Bahamian regulators and court officials met this week with the US restructuring team in control of the failed crypto firm FTX in an attempt to resolve part of an unusual legal standoff that has embroiled the company’s bankruptcy case.
(Bloomberg) — Bahamian regulators and court officials met this week with the US restructuring team in control of the failed crypto firm FTX in an attempt to resolve part of an unusual legal standoff that has embroiled the company’s bankruptcy case.
Liquidators appointed by a court in the Bahamas are willing to drop their demand for immediate, online access to FTX systems, as long as they can get certain data stored on the computers, said a US lawyer describing the meeting in court on Friday. American lawyers for FTX have rebuffed Bahamas officials, saying government regulators can’t be trusted with “live” access to the company’s computers.
The issue is one of two legal fights pending in federal court in Wilmington, Delaware, where about 100 FTX units have filed Chapter 11 cases in order to collect as many missing assets as possible to pay creditors owed billions of dollars. The Bahamian liquidators also want US Bankruptcy Judge John Dorsey to recognize the case they filed in the islands’ Supreme Court as the primary restructuring effort. FTX lawyers are fighting that request.
The two sides said they hope to resolve both issues as they continue negotiating.
‘Really Interfering’
The computer access feud “is really interfering with the liquidators’ ability to do their job,” Jason Zakia, a lawyer for the liquidators said during a video court hearing Friday morning. Bahamian liquidators argue they’re entitled to access to the computer network so they can clean up a locally based subsidiary.
The liquidators will accept “static” access to the data for now, Zakia said. In an earlier hearing, FTX lawyer James Bromley had said FTX would only give the Bahamas limited access to information stored on company servers.
Should the two sides fail to cut a deal on data access, Dorsey is scheduled to hold a mini-trial on Jan. 6. The FTX team said it would put on evidence showing that the Bahamas have colluded with FTX founder Sam Bankman-Fried, a charge the Bahamas lawyers deny. Bankman-Fried is under arrest in the Bahamas and faces fraud charges in the US.
The liquidators control a single FTX entity, called FTX Digital, which is being supervised by a court in the Bahamas. The American team controls nearly all the rest of Bankman-Fried’s former empire, which filed for court protection from creditors on Nov. 11. That means most of the assets, wherever they are located, are likely under the authority of Dorsey.
In a court filing Monday, the liquidators demanded that a property-owning unit be dismissed from bankruptcy in Delaware and sold for parts in the Bahamas.
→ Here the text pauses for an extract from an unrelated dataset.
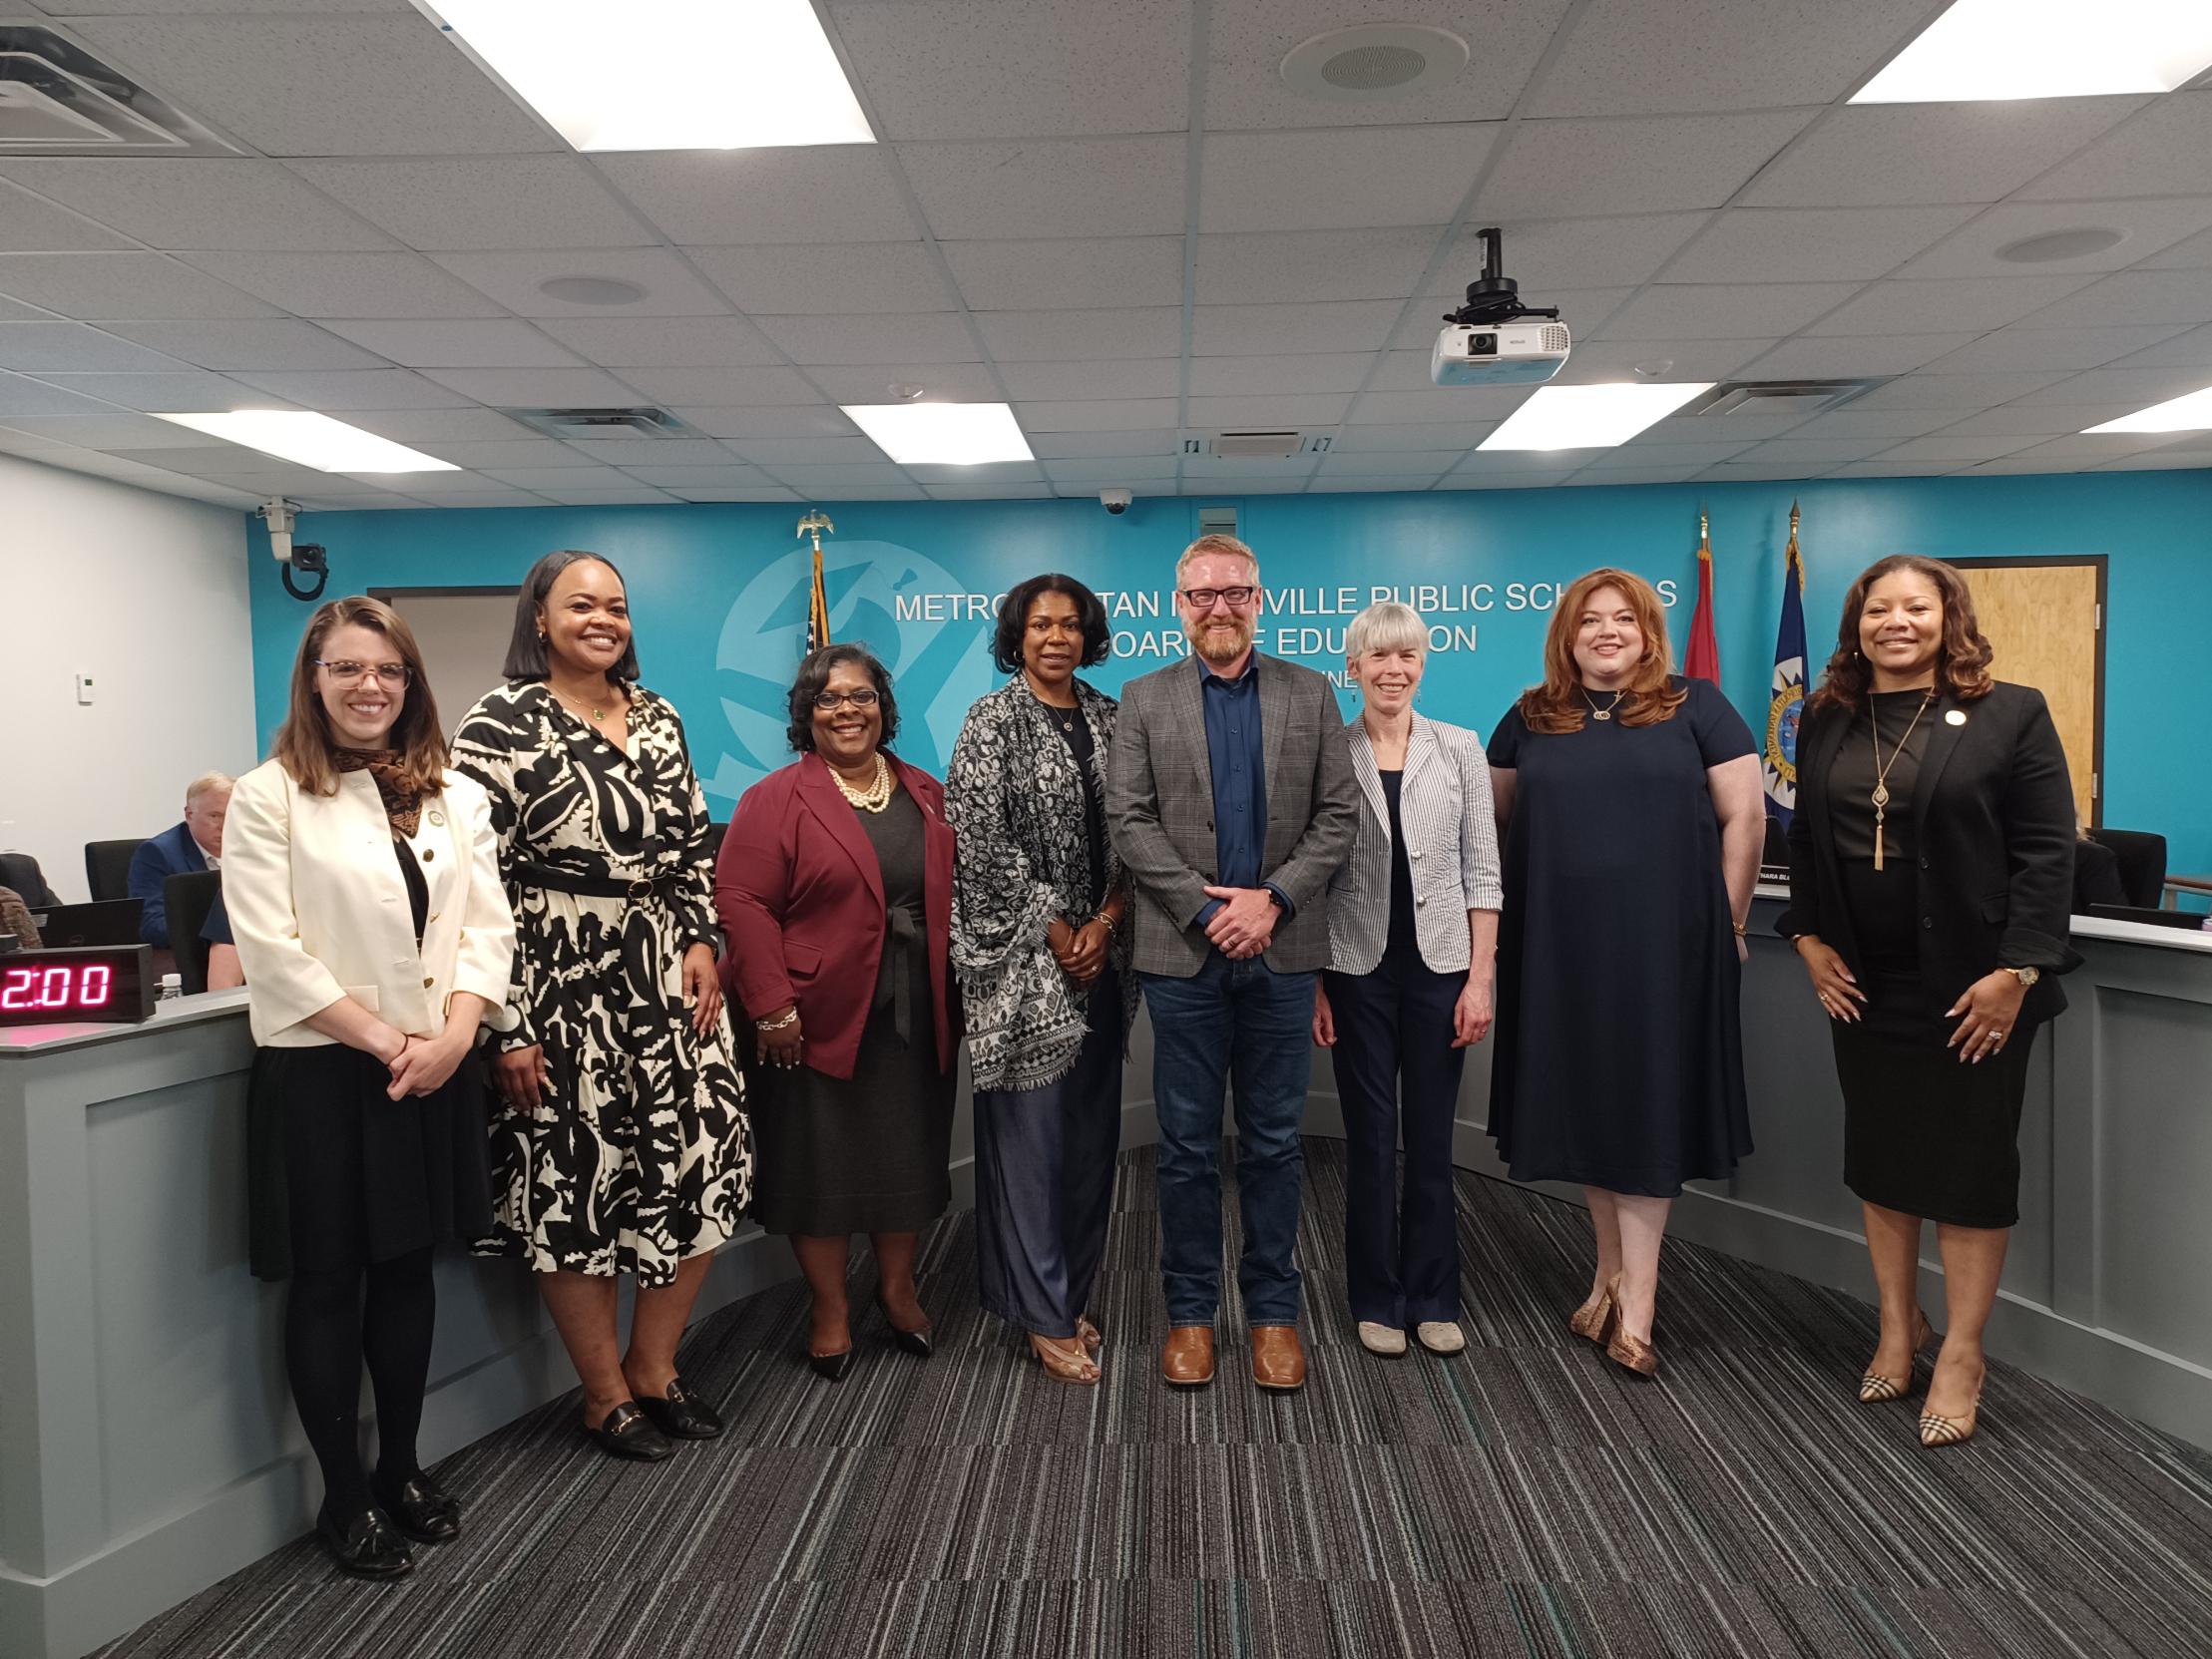 Peabody College faculty members Andrew Hostetler (center) and Marcy Singer-Gabella (center right) with representatives of MNPS, including Director Adrienne Battle (far right), following the school board announcement on April 23.
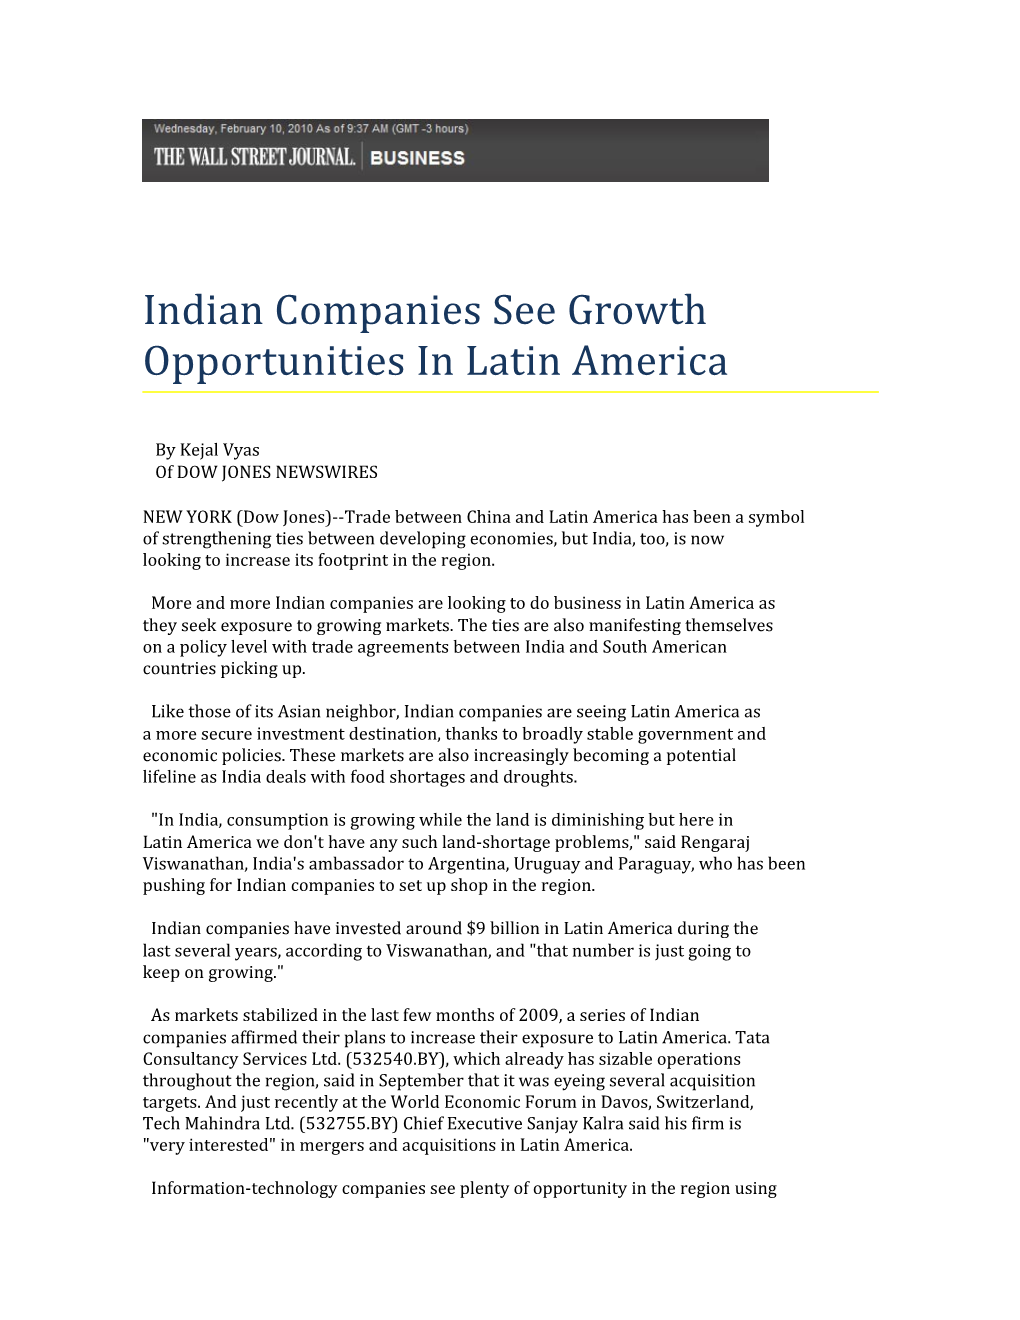 Indian Companies See Growth Opportunities in Latin America

Among other things, they say the real estate should be liquidated in the Bahamas because the unit that owns it has no connection to the US — not even a bank account. They also claim that two signatures were required to put property-holding unit into bankruptcy in the US., but that only Bankman-Fried authorized the filing, so it is illegal.
The case is FTX Trading Ltd., 22-11068, US. Bankruptcy Court for the District of Delaware.